Garret cursed softly, stretching out his long legs. “She’s about maxed out.”
“I told her to let me help shoulder this load. That it wasn’t hers to carry alone.”
Garret gave him a narrowed look. “Has she said anything to you about her father, Ray? What he did to her?”
Instantly, Reese’s gut clenched. “No,” he growled. “What happened to Shay?”
“I managed to drag it out of her over the past six months,” Garret groused. “Man, she’s tighter than Fort Knox when it comes to giving up personal intel on herself. I pride myself on being black ops, but she puts me to shame. I’d ask her a question and she’d dance around it. I’d time it such that I wasn’t pressuring her, and she began to trust me enough to tell me a few things.”
“Like what?” Reese closed his hand over the ledger, staring at the scowling vet.
Garret lifted his head. “She’s been abused. That much I know. I guess her mother, Wanda, was verbally abused by Ray until she died of breast cancer. When Shay was about eight, her father started picking on her when the mother was too ill to protect her any longer.” He sighed and shook his head. “The bastard.”
“What kind of abuse?” Reese asked in a low tone.
“Shay wasn’t specific. Said Ray was always putting her down. Telling her because she was a girl, she was nothing. He told her he wished she was a boy. He wanted a son, not a daughter.”
Clenching his teeth, Reese stared at Garret.

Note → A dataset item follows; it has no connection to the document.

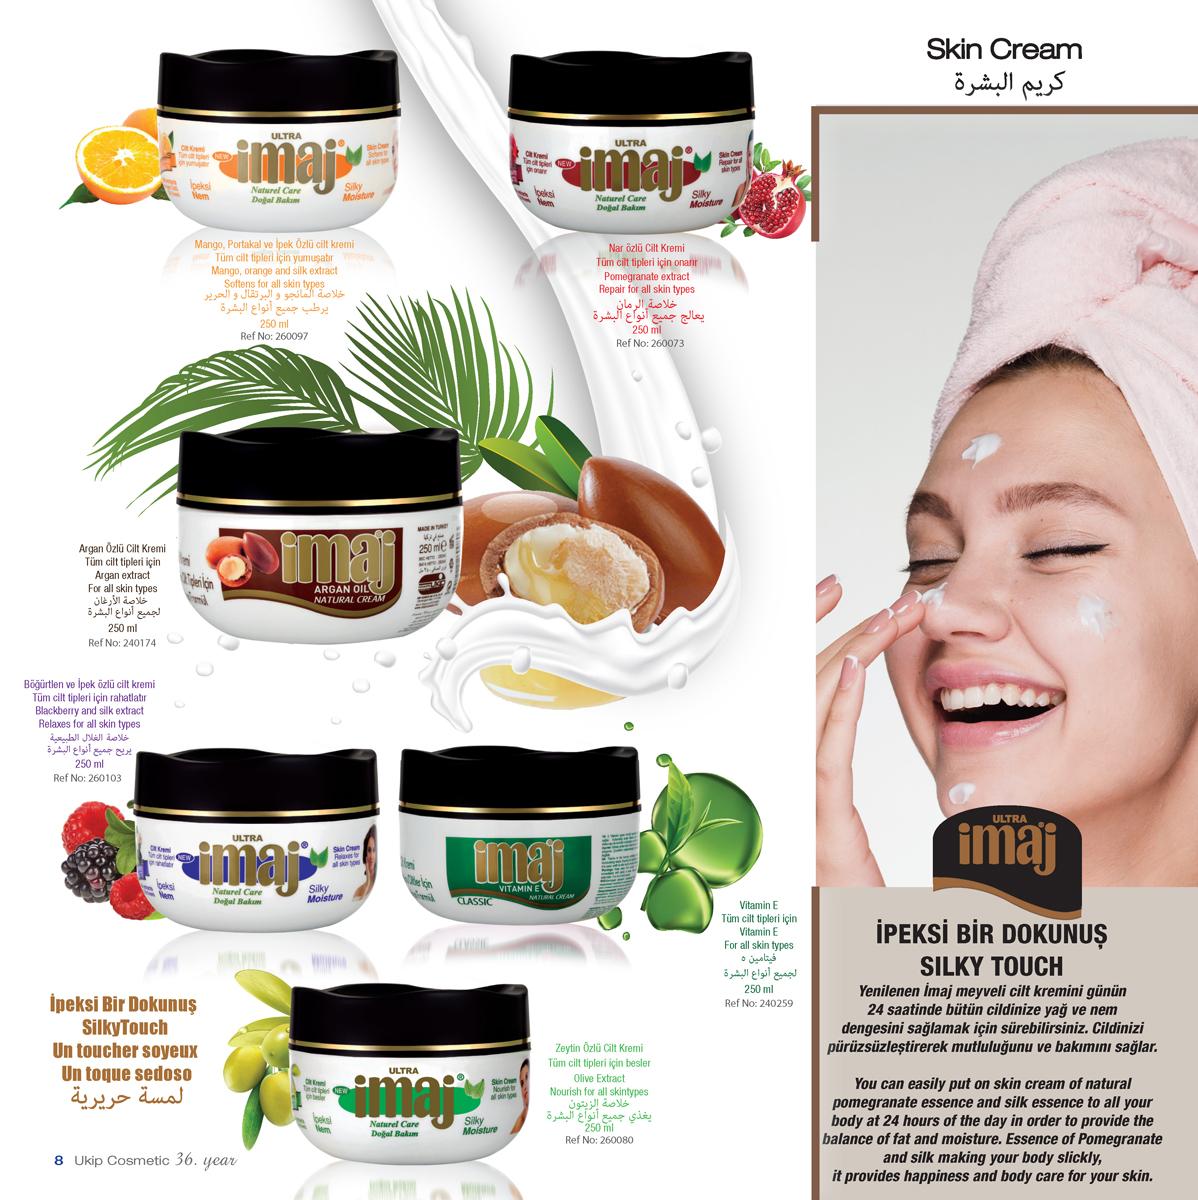 Imaj Skin Cream

“I asked her once if he’d ever hit her, and she grew real quiet but wouldn’t say anything. When you looked in her eyes, you could tell. I can’t prove it because she didn’t admit to it,” Garret said. “One time, when she opened up a little to me, she was in a philosophical mood. Shay said she’d left one war zone for another.”
“What did she mean by that?”
Garret shrugged. “That maybe Ray made living under his roof a war zone for her and her mother? And she joined the Marine Corps at eighteen and got sent off to the Middle East, to another war or two.” And then he gave a shake of his head. “My old man’s an alcoholic, too. Not something I’m proud of, but when I told Shay that, she started being even more open,” he muttered. “My old man beat the shit out of me. He’d go after my mother and I’d wave him off, get him to come after me instead.”
Reese heard the pain in Garret’s deep voice, saw the shame in his eyes. “He still alive?”
“Yeah. So’s my mom. You don’t know how many times I begged her to leave him. She wouldn’t. Blows my mind.”
“So when the Army discharged you, did you go home?”
Sneering, Garret said, “Only long enough to hug my mother, pick up my clothes and my gear. My mom is a shadow of herself. There’s nothing I could do. So, I left. It’s a lousy situation. I don’t understand women. I don’t understand my parents’ marriage, if you could call it that.”
Reese gave him a sour grin. “You have a lot of company.”
Grunting, Garret muttered, “Well, Shay, in my opinion, has been abused physically and verbally. That’s my two cents’ worth, based upon my own experience.” He flexed his thick-knuckled hand. “I’d like to punch Ray Crawford out, but he’s sick and he’s not gonna get better. The worst of it is that Shay visits him three times a week. Today was one of those days. You saw how she was when she got back. The old man takes her apart with his mouth and his uncontrollable rages. He blames her for everything that’s happened to him and this broken-down excuse of a ranch.” He sighed heavily and stared across the desk at Reese. “She does so much for us. She gives us the shirt off her back to make ends meet and to give us a safe place to heal up.”
“But she isn’t safe,” Reese said quietly. “If she has to see that father of hers, it’s like someone opening a wound three times a week. Why hasn’t someone gone with her? Protected her?”
“Believe me, the three of us, once we realized what was going on, wanted to. Harper really got into it with Shay. He accused her of enabling her father by letting him continue to verbally abuse her. Told her she should walk away from him and not see him again. Man, she got furious with him. I’ve never seen her so angry.”
“But Harper was right,” Reese said darkly.
“Yeah, damn straight. In my book, Harper was dead-on.” Garret tilted his head. “You got a decent set of folks, Lockhart?”
“Yes, I do.”
“If I coulda been discharged to return to a good home, I’d sure have liked to. As it was, I became a bum walking the railroads, hitching rides on boxcars, living off the land and going deeper and deeper into quicksand by the year.” He looked around the small office. “Until Shay found me down-and-out.”
“Shay picks up us strays,” Reese agreed, his voice low with feeling.
“Why didn’t you stay home, Bro?”
“I tried. But all I did was make it hard on my folks.”